Stanley Robertson tuvo su primer trabajo en Aberdeen, en Escocia, su ciudad natal. Tenía 15 años. Y 69 cuando falleció de un infarto de miocardio. La noticia fue lamentada por muchos escoceses. Durante 47 años se dedicó a alimentar las máquinas de la pescadería de Aberdeen con un río interminable de abadejos y arenques. Trabajaban éstas a una velocidad de vértigo. Cercenando con sus cuchillas las aletas y otras partes de la anatomía de los peces. El problema eran siempre sus manos. Despellejadas por la salmuera y los adobos, éstas ponían a prueba a la anciana que tenía en la pescadería la misión de aliviar el dolor de las manos de los trabajadores con sus vendajes y ungüentos. Además de esa buena samaritana, había otra gente estupenda a su alrededor. Como aquellas ásperas y bondadosas comadres de Aberdeen. Las que le gritaban a Stanley cuando el sueño le acechaba y las cuchillas también.

Él decía que cada año le llegaba desde más allá del horizonte una voz lejana. Venía de un mundo arcaico, de druidas y magos. Obligaba ésta a Stanley Robertson a dejar su trabajo por una temporada. Pues no en vano él descendía de una antigua familia de Travellers. De viajeros. En el noreste de Escocia los Travellers son los nómadas itinerantes - primos hermanos de los gitanos - que recorren los caminos compartiendo su sabiduría con aquellos que desean oír sus versos y sus baladas. En una mezcla del gutural inglés de la Escocia profunda y el gaélico primigenio, recitaban sus creaciones, cantándolas por calles y plazas. Stanley era el mejor.

Él les enseñaba a los que querían oírle que aquellas marionetas del teatrillo de la vida - la codicia y la vanidad - se asomaban para engañarnos a través de las cuencas de los ojos de una calavera. La verdadera realidad era lo otro. Lo que no se veía. Lo que llamamos leyendas o ensoñaciones. «Me lanzaré de nuevo a los caminos, cuando los campos se cubran de oro». Siempre perdonaba el rechazo de los que se apartaban de él en el autobús de Aberdeen. «¡Qué pestazo a pescao!».

Con el tiempo Escocia reconoció que Stanley Robertson era el más grande de sus viajeros, el más persuasivo de sus contadores de historias. La Universidad de Harvard y el Smithsonian le reclamaron desde las orillas norteamericanas del Atlántico. Y la Universidad de su ciudad, Aberdeen, le nombró doctor ´honoris causa' por su contribución a la recuperación de las antiguas tradiciones escocesas.
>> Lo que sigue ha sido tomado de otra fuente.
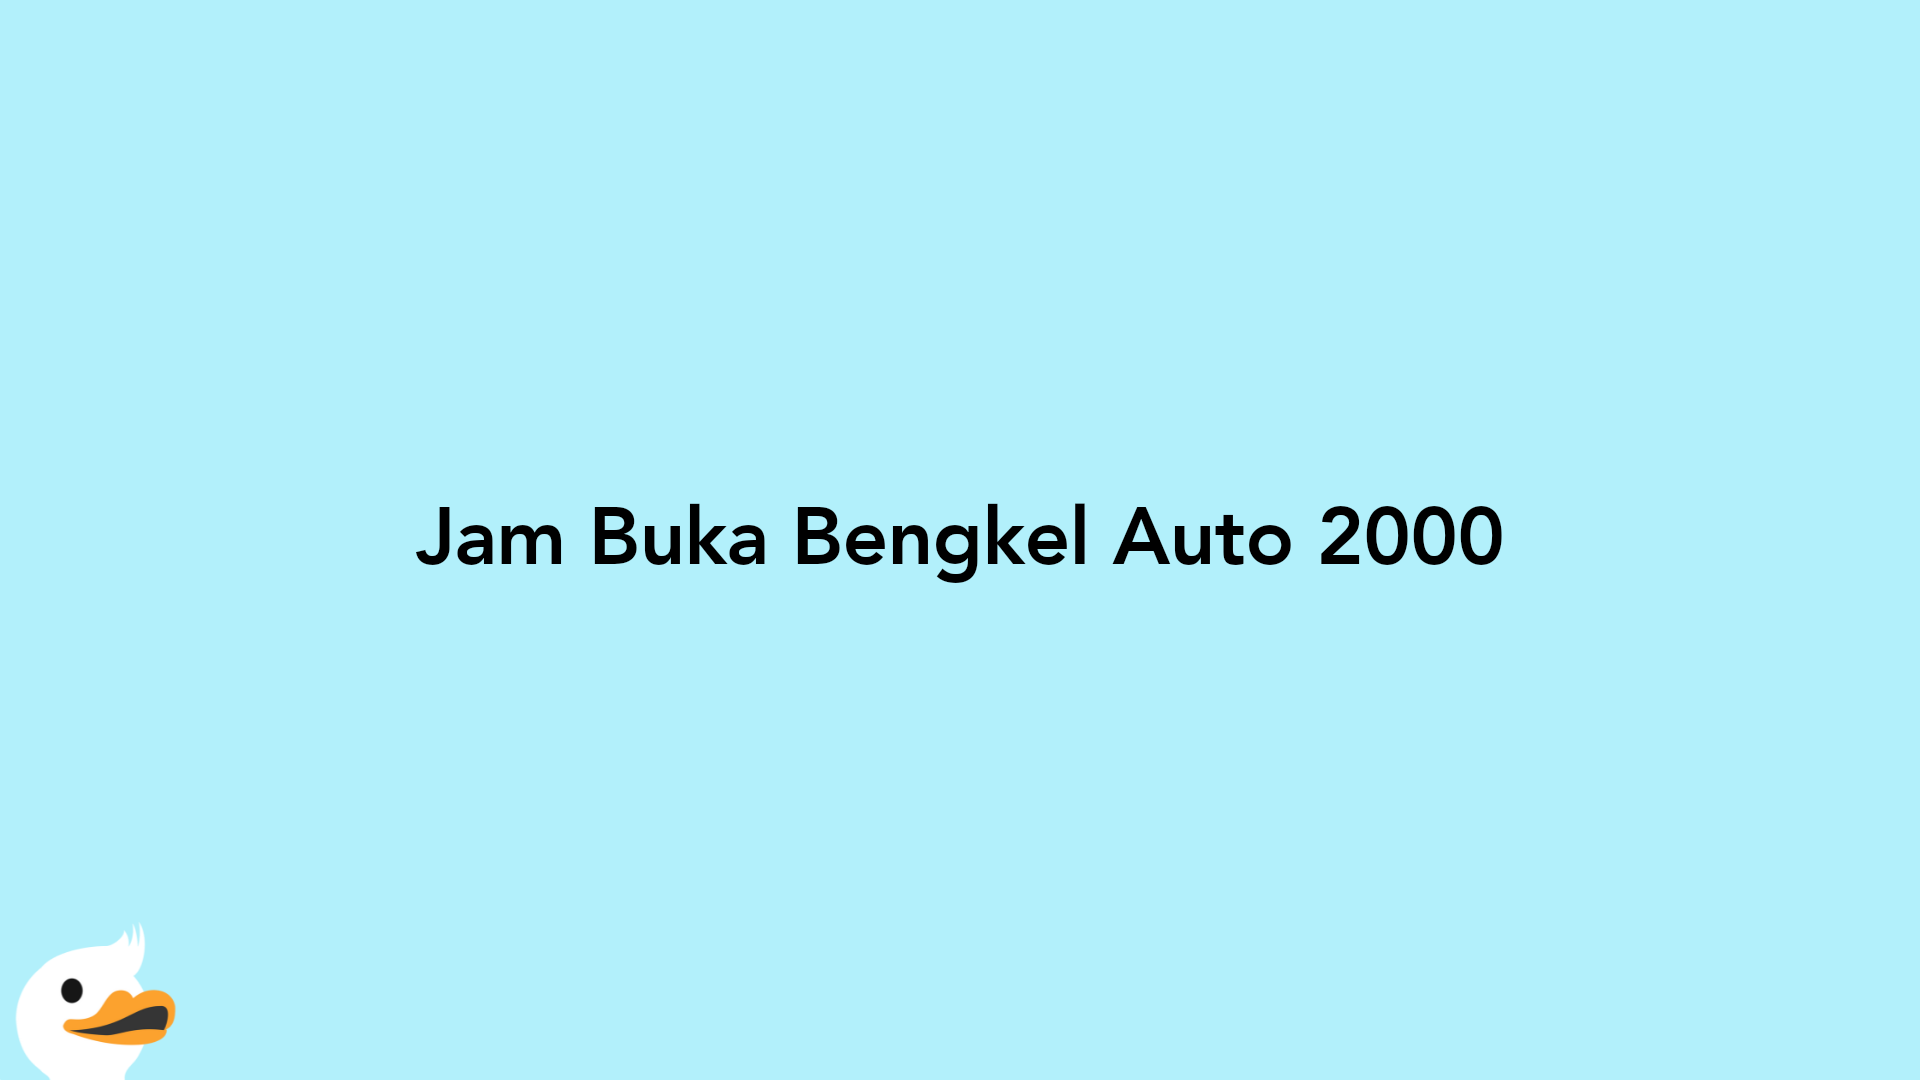 Jam Buka Bengkel Auto 2000

Pero Stanley seguía sin fiarse de las imposturas de la codicia y la vanidad. Cuando tenía que aparecer en público utilizaba su atuendo como una declaración de principios. Siempre fue fiel a aquellos tiempos de la pescadería. Y por respeto a ellos siempre se negó a llevar sus ropas de faena en un escenario o ante los focos de las televisiones o en sus conferencias. Y aún menos, sus botas impermeables, las indispensables ´wellies'. Aparecía siempre ante el público con un discreto traje oscuro y una corbata. Y con una gorra que resultaba demasiado pequeña para la redondez de su cara. Un ´gentleman' jamás se pondría una gorra así. Pero Stanley Robertson no quería parecer un ´gentleman'. Ni olvidar que él solo había sido un Traveller, un currante, que además olía a pescado.